I know this is probably stupid but we have a server with a local account (let’s call this local user “user1”). This server and its install predated our IPA install. This local user also has sudoers exception for this account for a “NOPASSWD” locally on this machine and this machine alone.
After some period of time (it’s been like this for years), we added this “user1” account to FreeIPA so we could use it on other select machine. We kept using the local account as if nothing changed.
This server with the local “user1” account was on Ubuntu 18.04 and with this set up was working fine. We upgraded it to Ubuntu 20.04 and it broke the sudoers “NOPASSWD”. This local account can no longer execute commands without a password as it seems sssd is overriding the “local account” and going back to IPA and asking for its authentication (user1 on this box is local and has a uid of 1000, the freeipa user1 had the random freeIPA generated 123456789 UID).
In my nsswitch.conf
For passwd, group, sudoers all of them have “files” listed first which should instruct sssd to prioritize local account information first, correct?

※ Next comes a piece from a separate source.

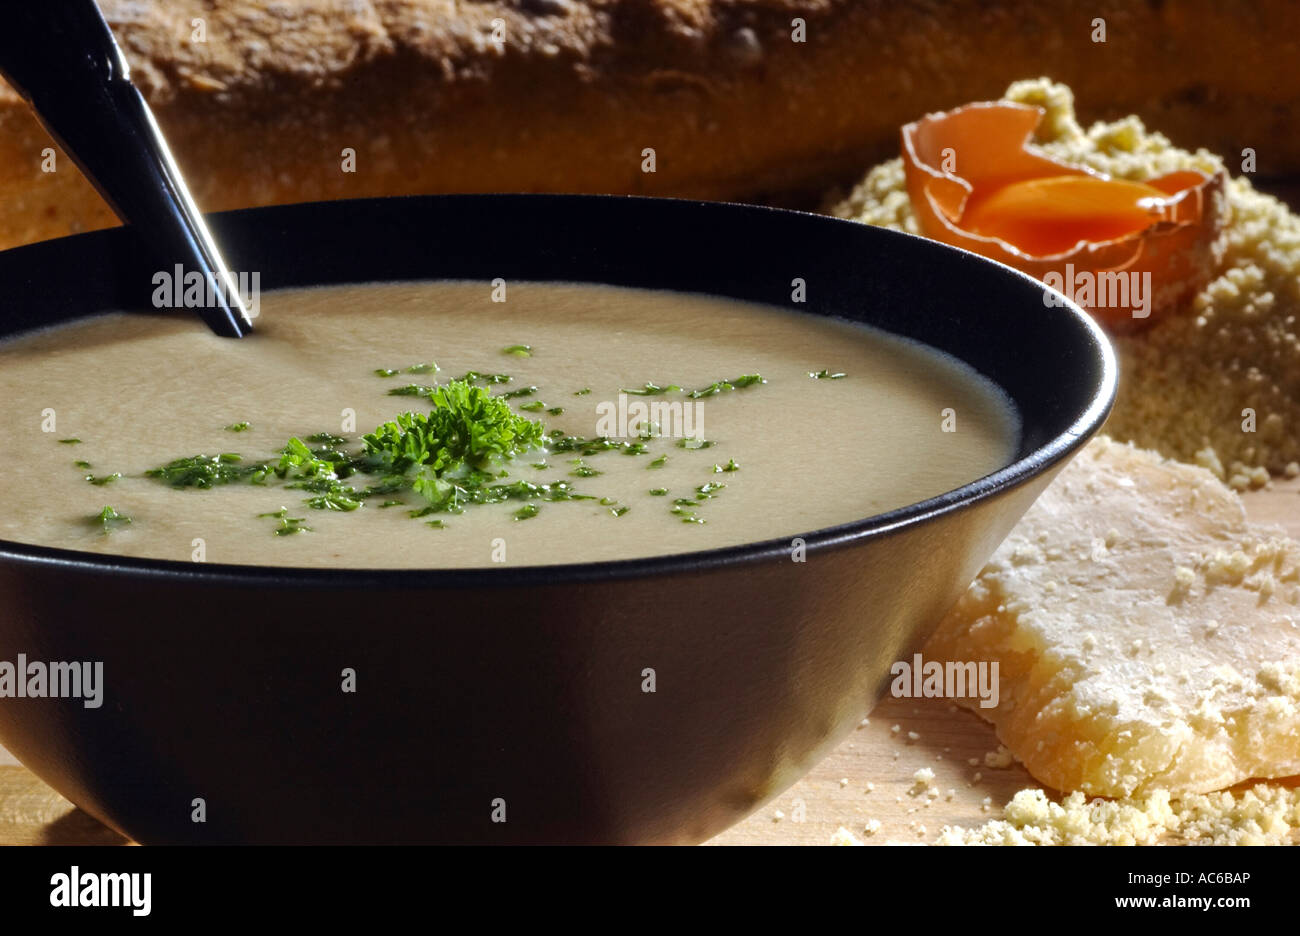 Straciatella alla Romana Italian egg drop soup with Parmesan cheese Stock Photo

If I remove “sss” from the nsswitch sudoers line it works as expected.
Is this a regression in sssd or something else Im missing?
-Kevin
Hello Kevin,
Kevin Vasko via FreeIPA-users freeipa-users@lists.fedorahosted.org writes:
I know this is probably stupid but we have a server with a local account (let’s call this local user “user1”). This server and its install predated our IPA install. This local user also has sudoers exception for this account for a “NOPASSWD” locally on this machine and this machine alone.
After some period of time (it’s been like this for years), we added this “user1” account to FreeIPA so we could use it on other select machine. We kept using the local account as if nothing changed.
...
If I remove “sss” from the nsswitch sudoers line it works as expected.
Is this a regression in sssd or something else Im missing?
I don't think it's a pure regression. I think the supported way to "migrate" a former local user to IPA with another uid or others is to define an id view for user1 on the ubuntu host and use uid 1000 there. I'd hope that deleting the local user just changes the password to the IPA one and sudo starts working.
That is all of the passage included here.